Advertisement
Advertisement

SFC seeks banning of ex-Warderly directors

The Securities and Futures Commission has applied for court orders to ban all six members of the former board of Warderly International Holdings from being directors for up to 15 years because of alleged misconduct and mismanagement.

Warderly, a household electrical appliances maker, has been suspended from trading since May 2007. It has a new board after a debt restructuring plan earlier this year.

The SFC's writ filed in the High Court yesterday names founding chairman Yeung Kui-wong, his daughter Ellen Yeung Ying-fong and four other directors - Yu Hung Wong, John Lai Wing-chuen, Hermann Leung Ping-chung and Godfrey Hung Kwok-wa.

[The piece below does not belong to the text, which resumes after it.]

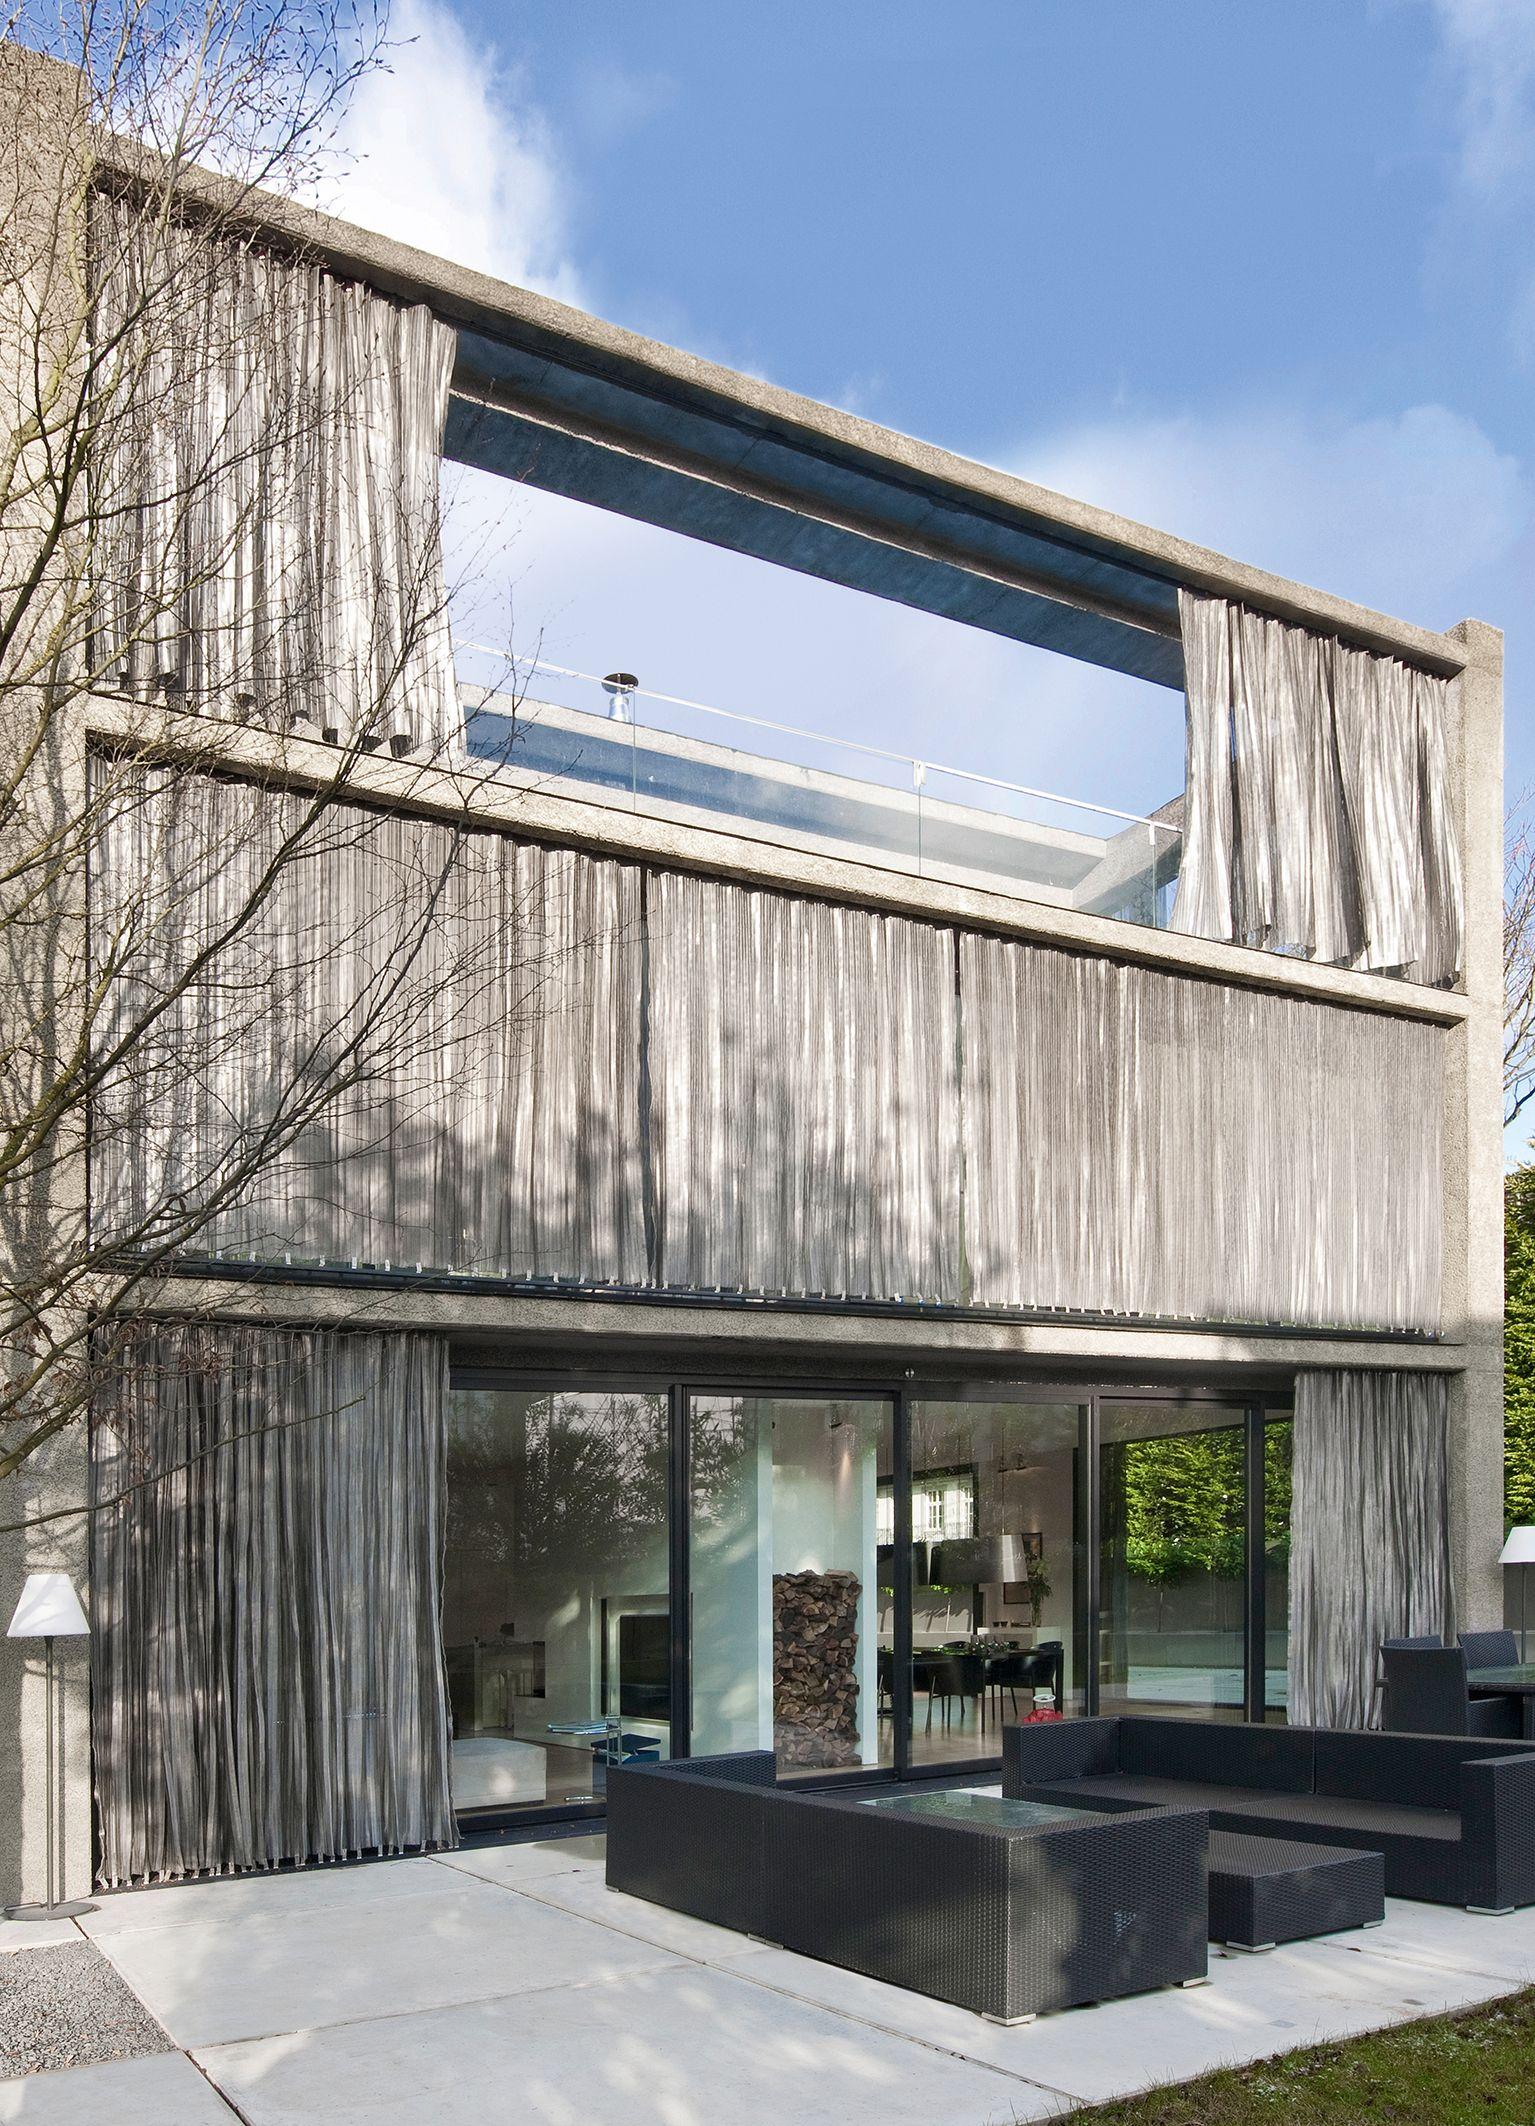 Villa Funken In Koln Fassade Aus Liapor Leichtbeton Mit Stahlblechvorhangen Von Artis Paas Architekten Leichtbeton Fassade Villa

All except Hung resigned in 2007. Hung remains a director on the new board.

The writ claims the six failed to report the company's financial problems between July 2006 and April 2007 and Yeung's pledging of his entire shareholding for loans to keep Warderly afloat.

The SFC said the six had 'failed to manage Warderly with the necessary skill, care, diligence and competence'. They are also alleged to have breached the listing rules by failing to disclose a number of price-sensitive problems. Among them was the group's failure to repay bank loans and invoices from suppliers.

To solve the cash-flow problems, Yeung pledged his 231.8 million shares, or 54.52 per cent of the company, to secure millions of dollars in loans from two separate independent third parties, Liu Su Ke and Derrick Luu.

However, the company defaulted on the repayments and the shares were transferred to the two lenders. The directors did not disclose details of the loans or the pledge.

Leung had teamed up with Liu to lend HK$6 million to Warderly at a high interest rate of 5 per cent per month, or about 60 per cent a year, which is substantially higher than most commercial loans priced at about 5 to 8 per cent a year.

The SFC claims Leung failed in his duty as a director by profiting from the excessively high interest rate.

The company also did not disclose it had failed to pay wages to workers at its Kalee factory in Dongguan, which led to a number of strikes between December 2006 and April 2007. These caused disruption to its production lines and led many senior managers to resign and the factory to be liquidated last year.

The court case will be heard on November 6.